The terminal pulsates around us. Baggage carts shriek electronic warnings. I grip my flight clipboard until the plastic edge cuts into my palm.

“Your family? They’re forever. I’m just...a moment. A crisis response. Trauma bonding at its finest.”

His face shifts. A microscopic crack in those sculpted features I wouldn’t have noticed a few weeks ago. Before Alaska. Before I learned to read the secret language of Sebastian Lockhart’s expressions.

Good. Perfect. Better he hates me now than resents me later when the novelty wears thin. When the quirky pilot with no filter transforms from charming to exhausting. When his mother’s disapproving stare follows us through every room. When his business associates exchange glances behind my back.

My throat constricts as if someone’s hands are squeezing it, but I push through. Rip the band-aid. Clean break.

“Go home, Sebastian. Go back to your world. This?” I gesture between us, the motion sharp and disjointed. “This was just survival instinct. Nothing more.”

“That’s not true. You know that’s not?—”

“What I know is that you’re running from one failed relationship into another. And I won’t be your rebound.”

His face crumples for a breathtaking second before he rebuilds that perfect mask. The one I watched crack piece by piece in our little cabin. The one I hate seeing back in place.

“Is that what you think this is?” he asks, his voice too controlled. Too calm. Too much like the man who first boarded my plane. “A rebound?”

I shrug, aiming for casual even as my heart slams against my ribs like it’s trying to escape my chest and throw itself at his feet. Because that’s the truth—every part of me wants to crossthis impossible chasm between us. To believe fairy tales exist outside snow globes.

“What else could it be? You were about to propose to someone else two weeks ago.”

He runs a hand through his hair, messing up that perfect style in a way that tightens something low in my belly. A simple gesture I’d give anything to witness every morning across a breakfast table.

“I was proposing to a perfect image that wasn’t real. I realize that now.”

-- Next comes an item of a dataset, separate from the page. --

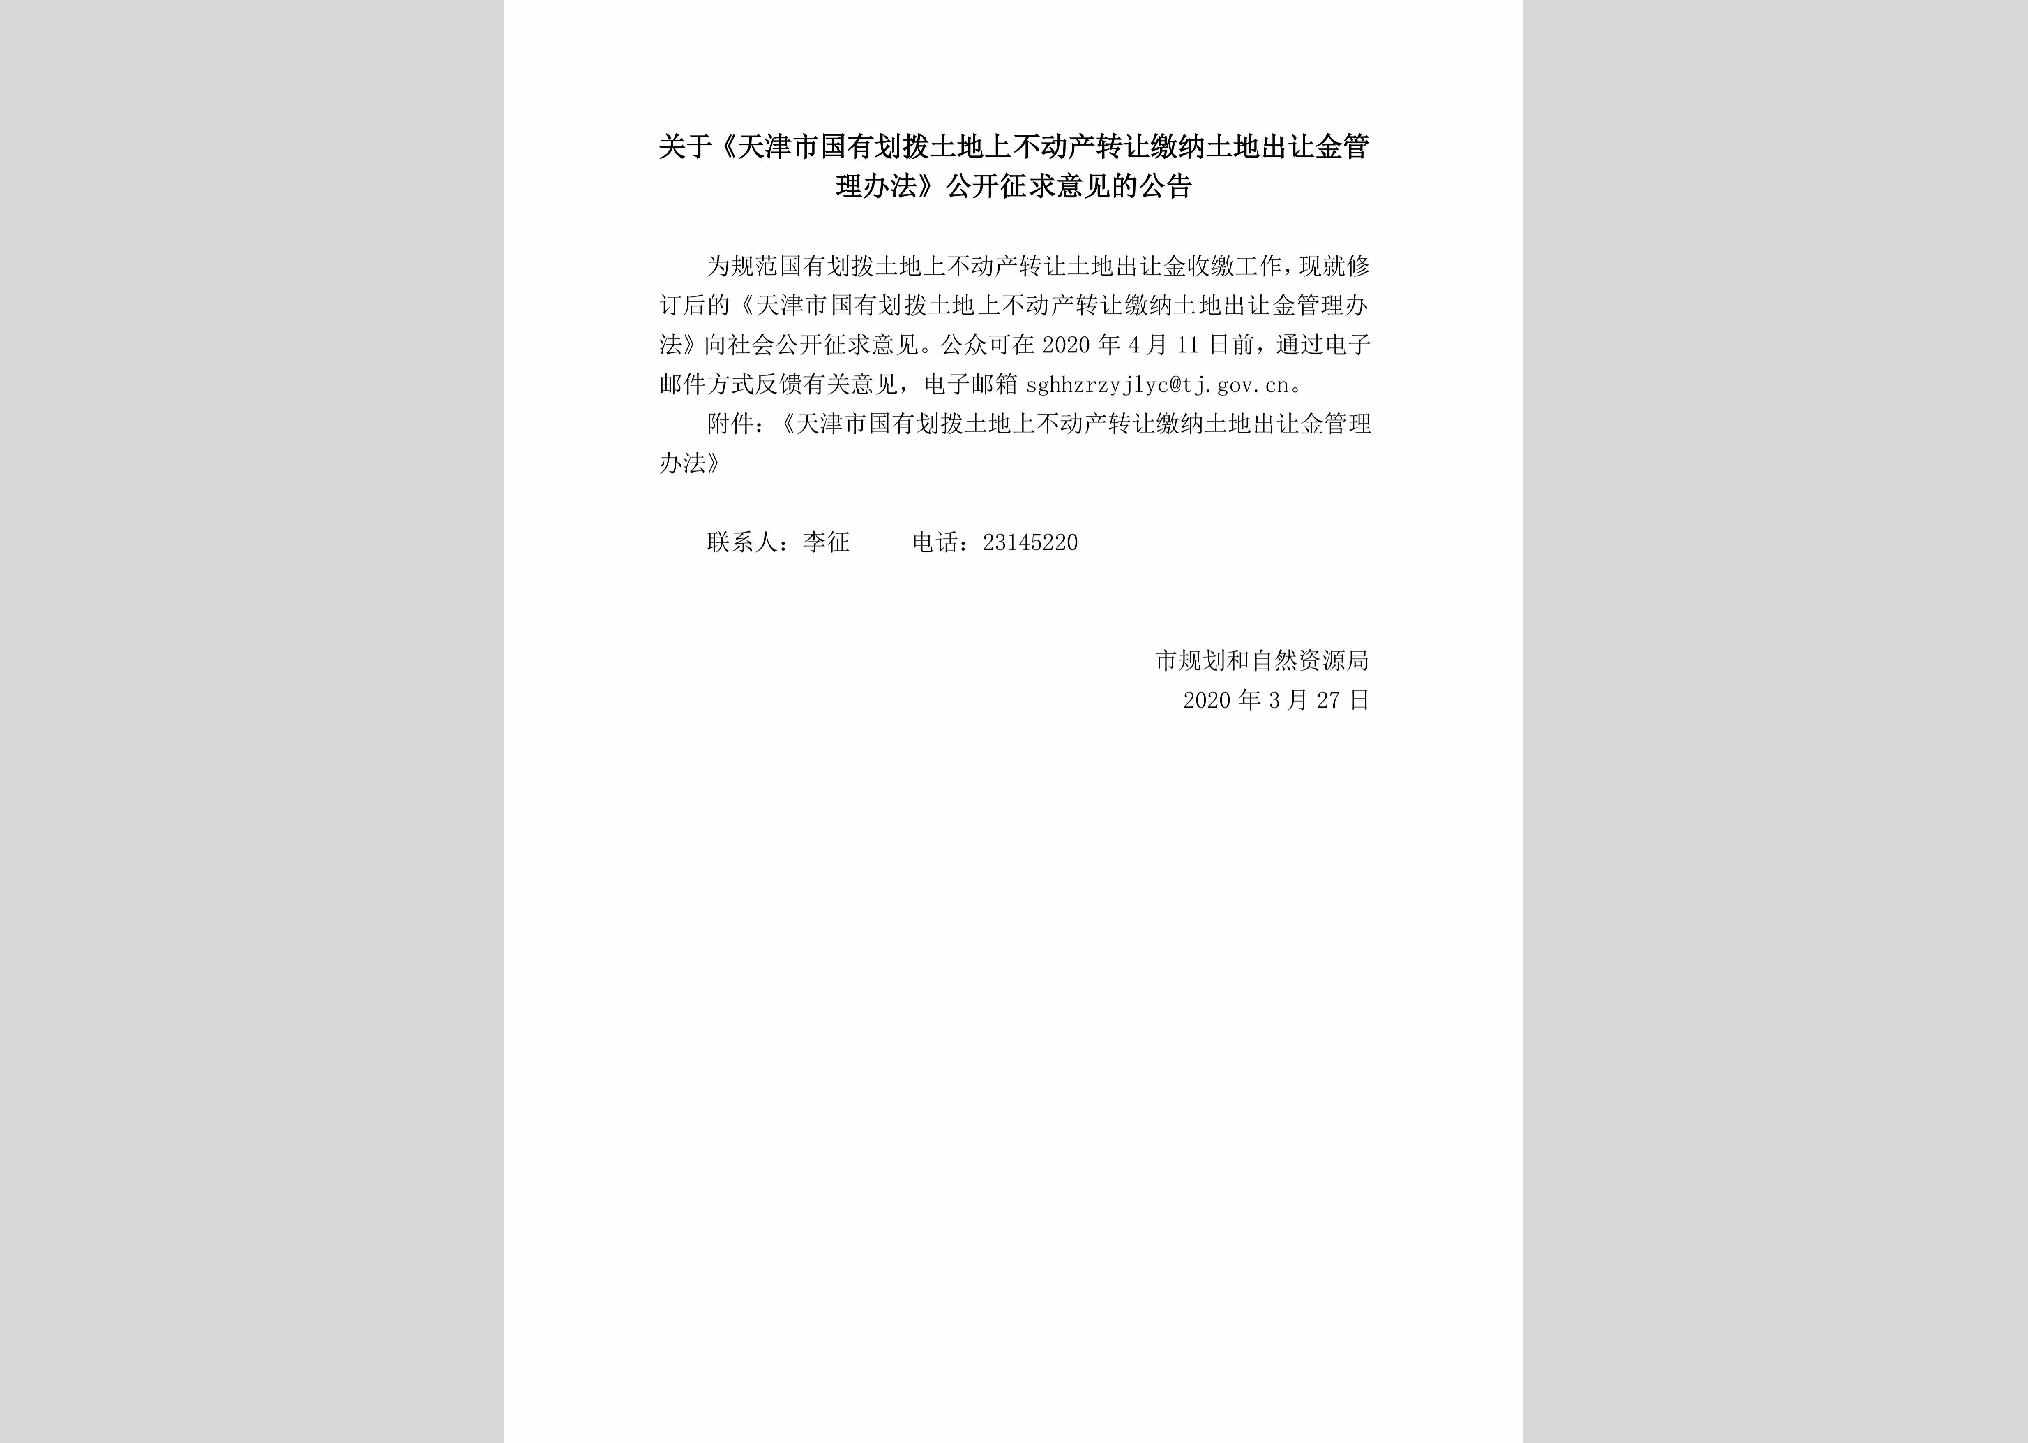 BDCZRJNT：关于《天津市国有划拨土地上不动产转让缴纳土地出让金管理办法》公开征求意见的公告

“I need to go.” I take a step back, clutching my clipboard like it’s the only thing keeping me upright.

“You’re afraid,” he says, and the simple truth of it stops me cold. “Of this being real.”

I want to scream the truth. I love you so much, it terrifies me. I love you beyond reason, beyond sense, beyond self-preservation. And that’s why I can’t do this.

“I’m not afraid. I’m practical. People like you don’t end up with people like me. That’s just basic math. Look at us.” My laugh sounds hollow, foreign, like it’s coming from someone else’s body. “You in your perfect suit, me in my cargo uniform. This isn’t a romance. It’s a cautionary tale.”

I want to tell him I see everything that could be. Every moment of happiness, every lazy Sunday morning, every argument over my snow globe collection taking over his minimalist apartment. I see it all so clearly, it burns.

And I see what comes after—the slow realization in his eyes that I don’t fit in his world. The growing distance. The inevitable end that would destroy me so completely I’d never recover.